Сильнее только страсть - Джеймс Роби. Страница 36

Карлейль быстро разделся, еще быстрее умылся и, не гася свечей, улегся рядом, притянув ее поближе к себе.

– О чем ты тут размышляла? – спросил он.

– Ни о чем таком... Вообще я думала, что теперь, с началом весны, мне необходимо упражняться с мечом на коне. Я слабее чувствую себя в седле, чем пешей на земле...

Внезапно она заметила, как неприятно исказилось у него лицо, а слова прозвучали сухо и неприязненно.

– Нет, – сказал он, – тебе надо упражняться в другом – в том, чтобы стать настоящей женой и хозяйкой. Военные занятия подождут.

Она застыла. Ей почудилось, что в теплой комнате вдруг ударил мороз. Мысли у нее путались.

Карлейль же наконец понял, каким образом можно открыть врата, ведущие за ту преграду, которой окружила себя Джиллиана. Не радостное и полное соитие – название того ключа, который может открыть их лишь наполовину. А чтобы открыть их совсем, настежь, нужен не ключ, нет – нужно совсем убрать преграду. И название главной преграды – воинский дух. То самое, что так ценится в любом мужчине, но совершенно неприемлемо в женщине. Особенно если она стала замужней. Быть может, если ему удастся хотя бы расшатать эту преграду, он сумеет добраться до находящейся за ней души и открыть истинную ее сущность. Где будет то, чего он так ищет, – подлинная любовь...

От дальнейших размышлений его отвлек ее громкий возглас.

– Нет! – крикнула она. – Вы не можете просить меня оставить любимое дело!

– Я и не прошу, – сказал он. – Я приказываю.

– А я не подчиняюсь, – произнесла она совсем тихо, но с такой убежденностью, что это показалось оглушающе громогласным.

– Ты должна будешь подчиниться, – сказал он, не повышая голоса и начиная подминать ее тело под свое. – Тебе совсем не следует быть воином, а мне нужна хозяйка дома, поместья.

– Никогда!

Она так яростно выкрикнула слово «никогда», что сильнее замигало пламя ближней свечи, а с потолка отозвалось эхо.

«Спокойно! – скомандовал он себе. – Пускай отведет душу. Не отвечай тем же».

– Да, – повторил он ровным голосом, – тебе не понадобится больше никогда умение владеть мечом. С завтрашнего утра ты перестанешь быть воином. У тебя не будет новых шрамов на теле.

«Он же совсем не понимает, – стучало у нее в голове. – Никогда не поймет, что меня призывает дочерний долг... Отмщение за отца... Найти предателя и наказать его...»

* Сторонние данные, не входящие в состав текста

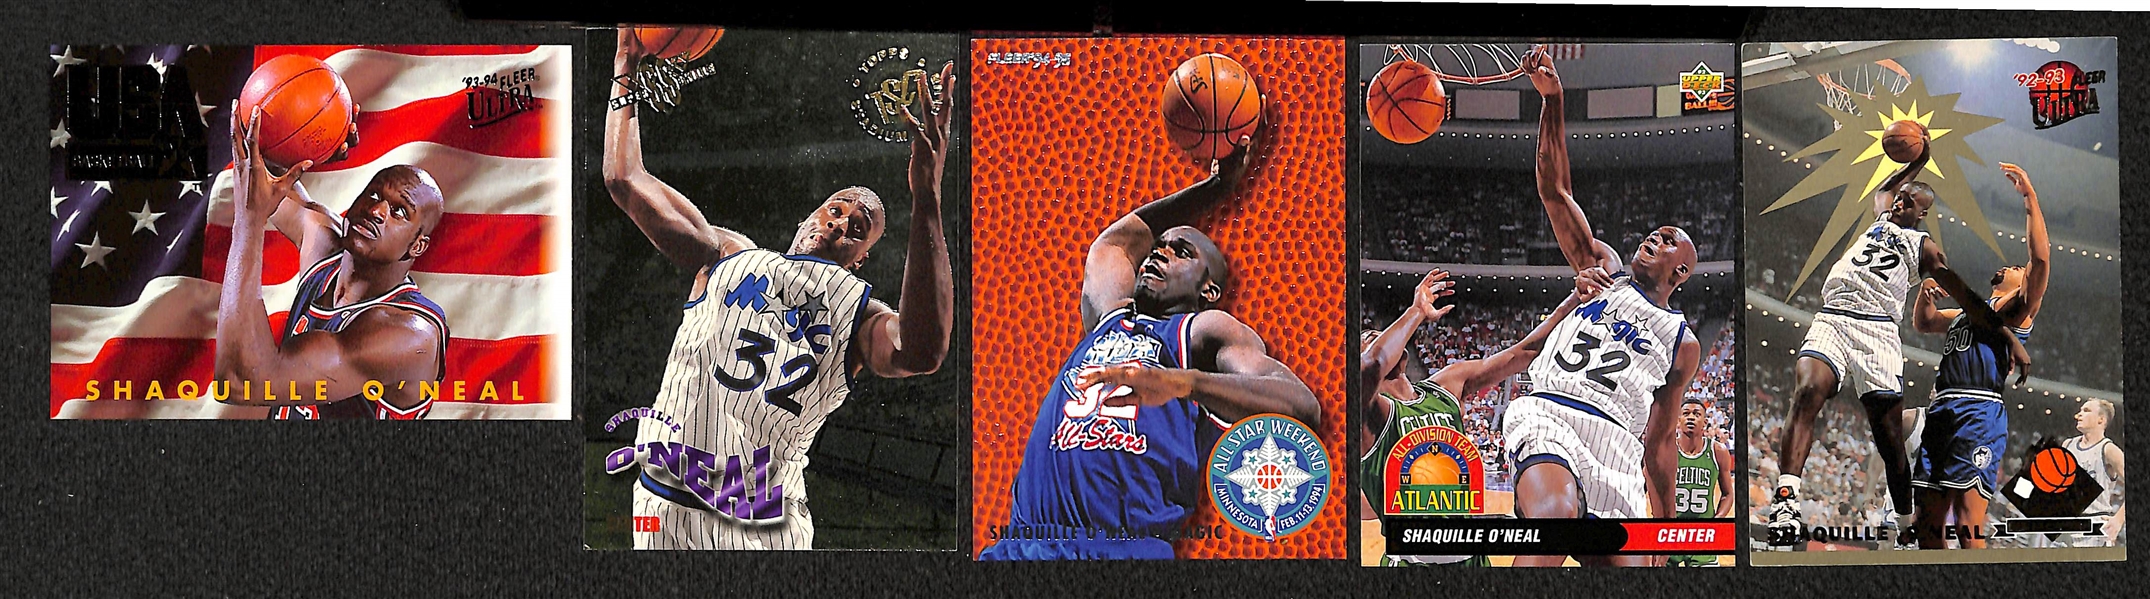 Huge 180+ Shaquille O'Neal Basketball Card Lot - Mostly Rookies

– Вы не понимаете! – снова крикнула она. – Не хотите понять... Я не могу, не имею права отступить. Мой отец...

Произносимые ею слова он уже слышал от брата Уолдефа и не желал повторения. Не желал, чтобы она сейчас здесь, в постели, думала об Уоллесе, о человеке, который лишил ее всего женского... Нет, к счастью, не всего...

Он накрыл ее рот своим, рука опустилась вниз, раздвинула ей ноги, пальцы вошли в лоно, ослабили ее усилия, волю к борьбе...

Какое-то время она еще пыталась не поддаться чувству блаженства, как умела не поддаваться чувству боли, но вскоре погрузилась в него, утонула в нем, растворилась...

Он был удовлетворен тем, что она сдала позиции. Ему подумалось, что теперь его успех упрочился: во всяком случае, один из способов решения споров найден и уже проверен.

Она же снова ощутила себя одинокой, несчастной, кого не понимают, не хотят понять. Чего еще от нее хотят? Ведь она уже поддалась, уступила, но ее опять обманули – требуют новых уступок, на которые она не хочет, не может пойти. И не пойдет...

Карлейль был уверен, что одержал внушительную победу над Джиллианой, познав ее слабину, и спешил использовать полученное преимущество. Для ее же блага, искренне считал он...

Вскоре он поднялся с постели, а когда вернулся, Джиллиана уже дремала. Однако нашла силы приоткрыть глаза и прошептать:

– Все равно я не сдамся...

И провалилась в сон, а Карлейль раздраженно повернулся на бок, но, прежде чем уснуть, истово помолился, чтобы она поборола свое зловредное упрямство и неуступчивость раньше, чем его любовь к ней даст трещину и канет в вечность.

Глава 10

Агнес проснулась, как нередко с ней бывало, с песней на губах, а сегодня еще и с уверенностью, что в их доме, в их семье все наладилось. Брат Урлдеф заявил, что уже подумывает о возвращении в аббатство Мелроуз, а Джейми Джилли снова принялся строить планы скорой свадьбы. День казался еще более весенним, чем предыдущий, и вообще все обстояло лучше некуда.

Однако к середине дня стало ясно, что далеко не все так уж хорошо, а ближе к вечеру – что дела обстоят хуже, чем когда бы то ни было. Исчезла даже внешняя сторона кажущегося благополучия.

Утром Карлейль встал раньше обычного и во исполнение собственного решения удалил из дома все вещи, так или иначе связывающие Джиллиану с военной жизнью: ее оружие и одежду – включая отцовский меч, кольчугу. Кроме того, отдал приказание груму забрать из конюшни коня Галаада, подаренного Джиллиане, и отвести его в долину Обервен к одному из тамошних арендаторов.

Выполнив все намеченное, он подкрепился и затем спустился на поле, чтобы позаниматься с мужчинами военными упражнениями.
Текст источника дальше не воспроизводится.